How do you price intellectual goods that can be manufactured and distributed for no significant cost compared to the cost of their creation? Whether you're talking software, configurations, architectures, or written works, if it can be distributed virtually without ever being placed/printed on physical media (such as a book), what is the basis of value and pricing?
Back when I started working for Computer Associates International in the late 1990's, I tried to explain to my brother why mainframe software was so expensive. After all, it generally didn't have any more lines of code than PC software that sold for a few hundred dollars at the most. At the time, I suggested that the price was generally a fraction of the cost savings that it brought.
I still stand by that assertion, but over the years, I discovered just how hard that is to prove. Once a piece of software has become embedded in an environment over many years, there's no simple way of knowing how much cost it's saving, because removing it could bring everything to a halt, which would be a completely different order of magnitude of cost.
Interestingly, pricing written works can involve similar issues. If someone asks me to write up a white paper, article, or recommendation, should I be paid by the word?
I'm reminded of a joke, a quotation and an anecdote.
The joke is about a highly-experienced mechanic who is faced with a car that has stopped working, and no one can figure out why. They ask if he'll fix it, and he agrees to for $1,000. Eventually, his price is accepted, and he goes to work.
To the external observer, the mechanic appears to be dancing around the car in a manner reminiscent of Mr. Bojangles - crouching down low, leaping up high, and almost seeming to be performing a rain dance of sorts as he looks over every nook and cranny of the car. Then, he suddenly takes out a ball peen hammer, strikes the car engine with an exacting blow, and pronounces it fixed.
The owner tries it out and, sure enough: the car now works. Then the mechanic presents his bill for $1,000.
Skeptical, the owner asks for a price breakdown. The mechanic replies, "That's $1 for hitting the car, and $999 for knowing where to hit it."
The quotation, attributed to many people, but probably most famously to Mark Twain is: "I would have written a shorter letter, but I did not have the time."
The anecdote is about the production of enameled steel pots and pans during the Soviet era. Apparently, it became harder and harder to find small ones while there was an overabundance of large ones. This was not because having larger ones somehow improved the cooking experience, but rather because the factories that produced them were incented by the amount of material used, rather than any measure of useability or rates of sales.
What all three of these have in common is that the value of things is not always connected to the simplistic, some might say "common sense," measures we apply to commodities. In fact, other than the most tightly-controlled and homogeneous commodities, I suggest size is rarely a good measure of value.

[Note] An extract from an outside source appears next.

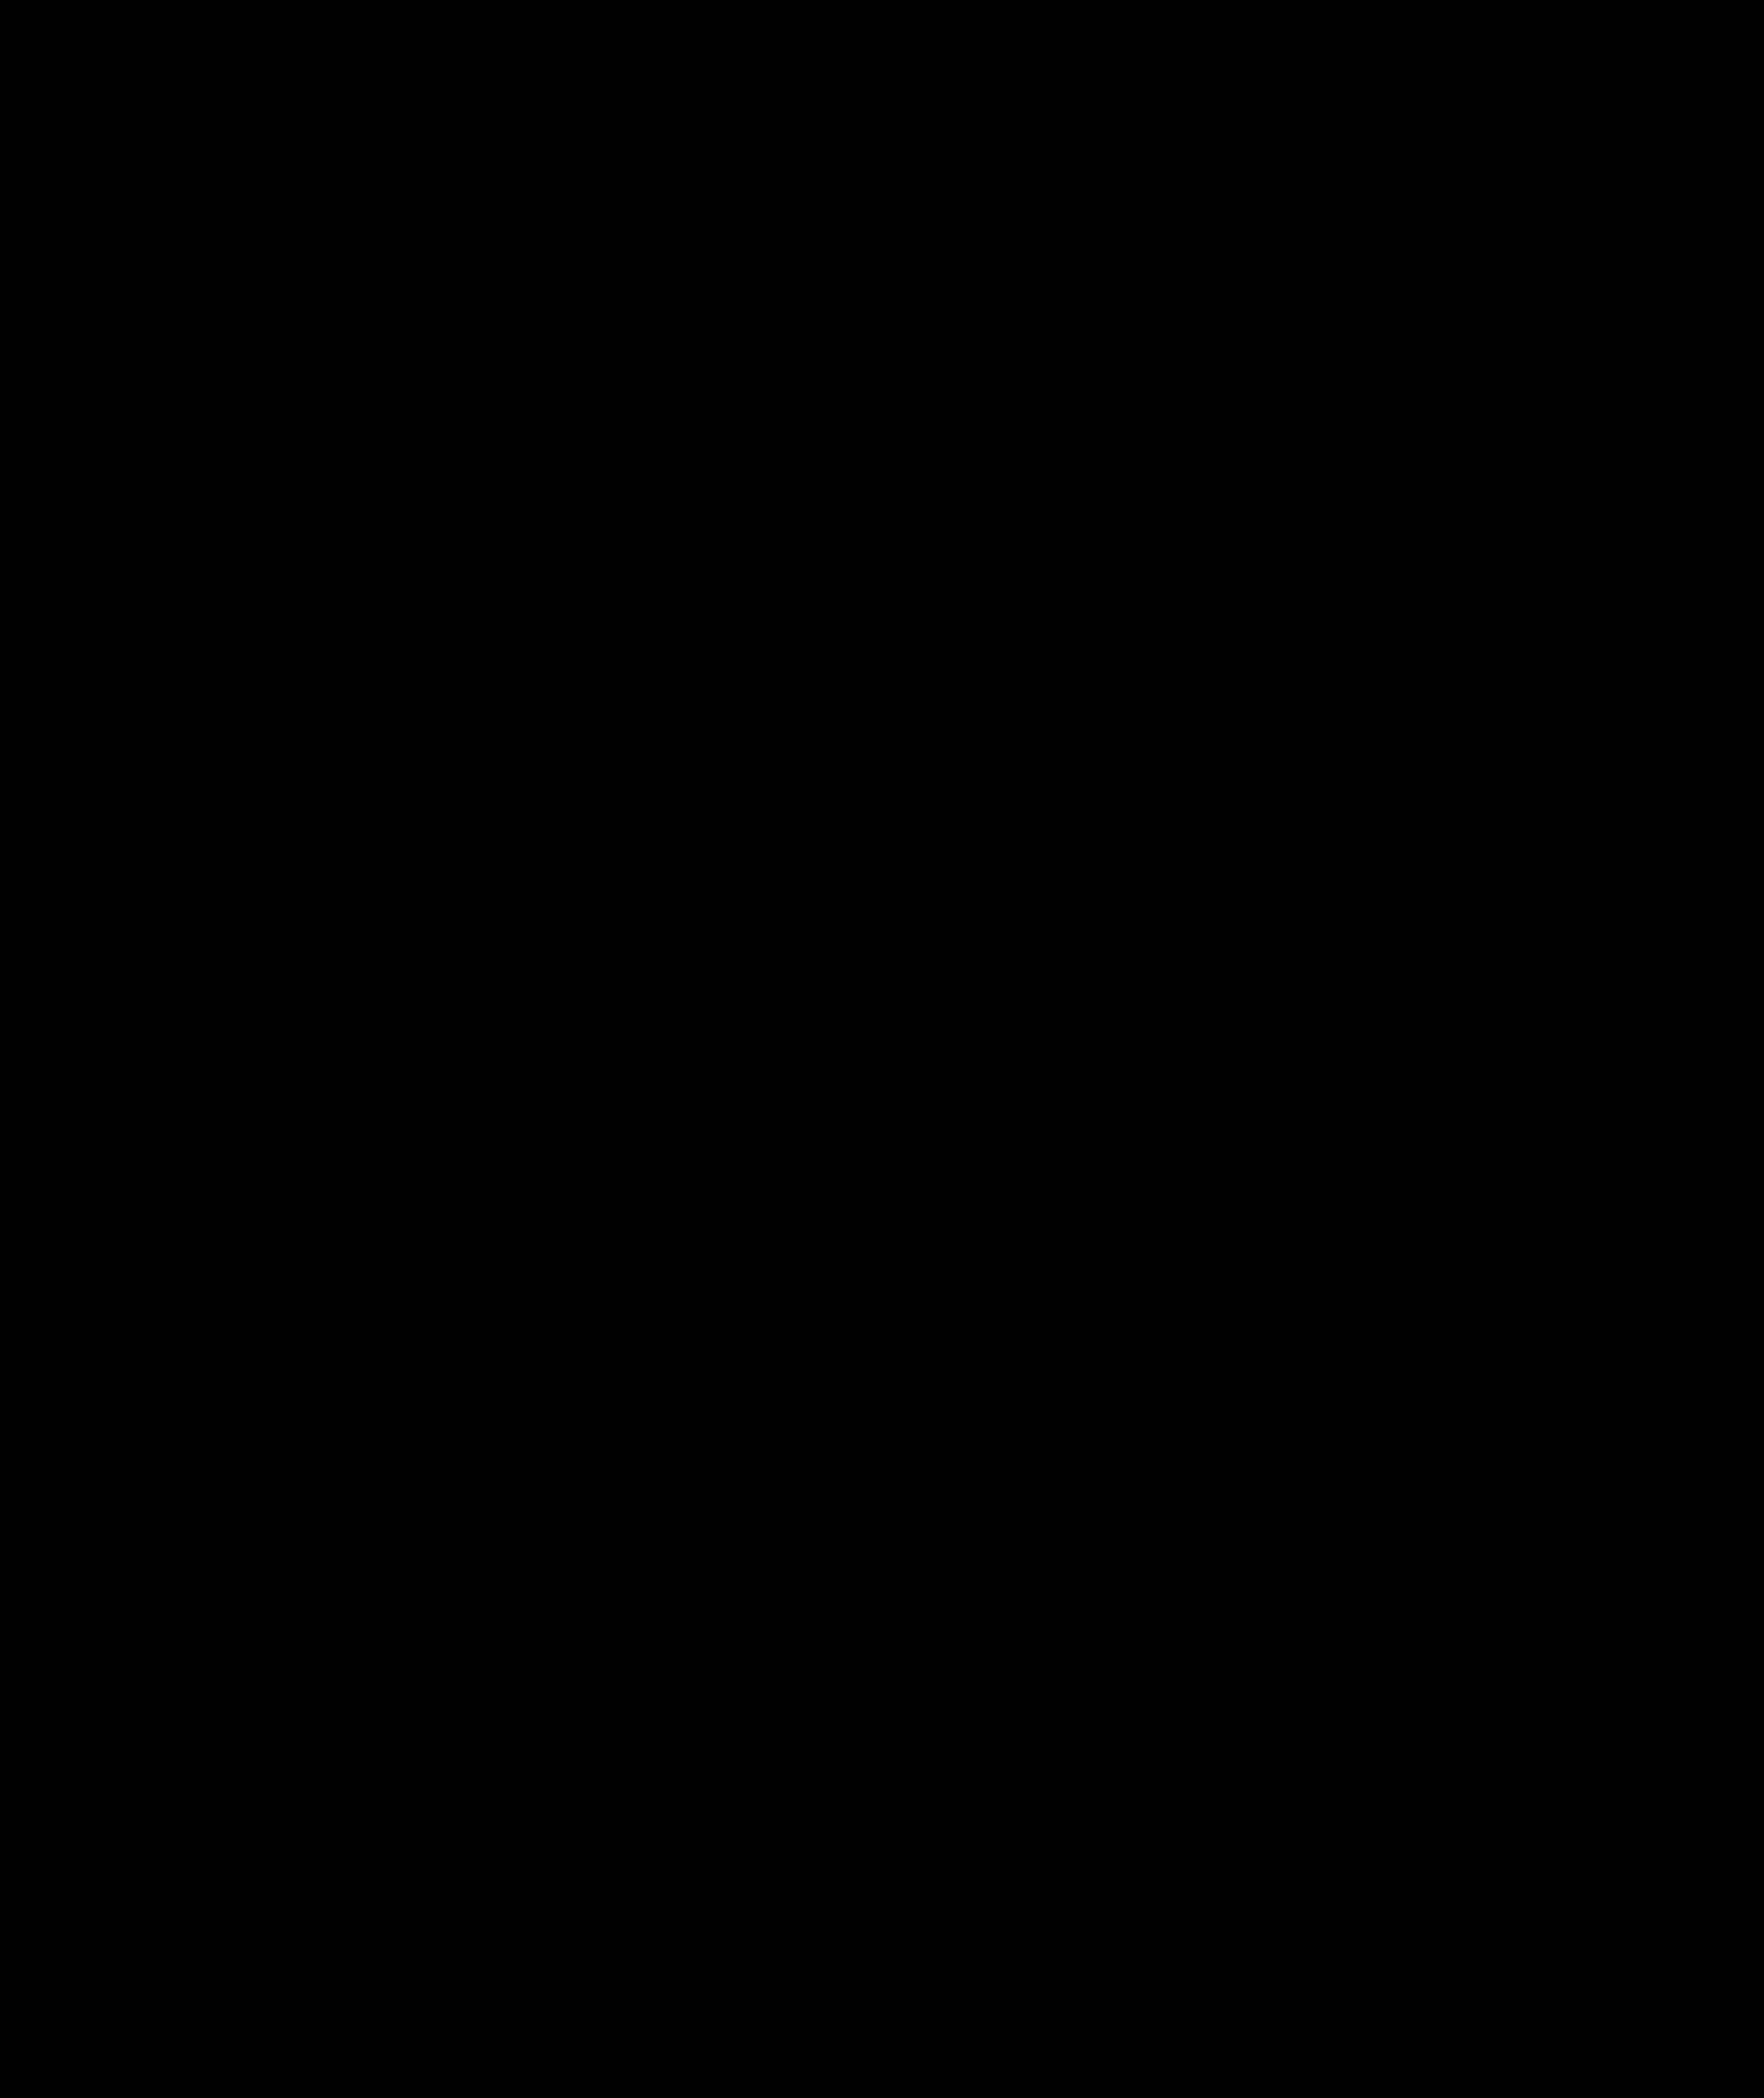 2002x2381 Clipart

One of my favorite examples of this is the Windows operating system, which I've heard may be the largest software system ever created in terms of sheer number of lines of code. And yet, you can buy a copy for a few hundred dollars, and even get a PC thrown in (or vice versa). Compare that to z/OS, IBM's premier mainframe operating system, which costs a few orders of magnitude more than that. Yet, I doubt IBM would claim there's a commensurately larger number of lines of code; likely, there are fewer.
So, how do you price mainframe software in a way that is fair? I suppose it makes sense to take a lot of factors into account, from the capacity of the mainframe (they vary greatly in capacity), to the cost savings and benefit that a typical customer is likely to derive, to the cost of creating, maintaining, and deriving a reasonable profit from a piece of code that is only installed on a portion of the 10,000 or so mainframes in use in the world today.
That's a very different approach from pricing generic consumer software, of which millions (maybe even billions?) of copies are sold.
Likewise, when pricing the generation and delivery of other intellectual property that has great value to a relatively limited but very economically significant audience, it seems to me that paying per word is like asking for excessively large cookwear, rather than looking for that perfect touché in as few effective words as possible.
Of course, like any good question, this is more of a journey than a destination. But it's one of the important questions in the mainframe world, and one that is of particular interest to me as I look to generate written works of significant value, and don't think it appropriate to charge by the word, since I can often achieve more with a small number of well-chosen-and-aimed words than with a 10-page white paper.
What do you think about the pricing of such intangibles?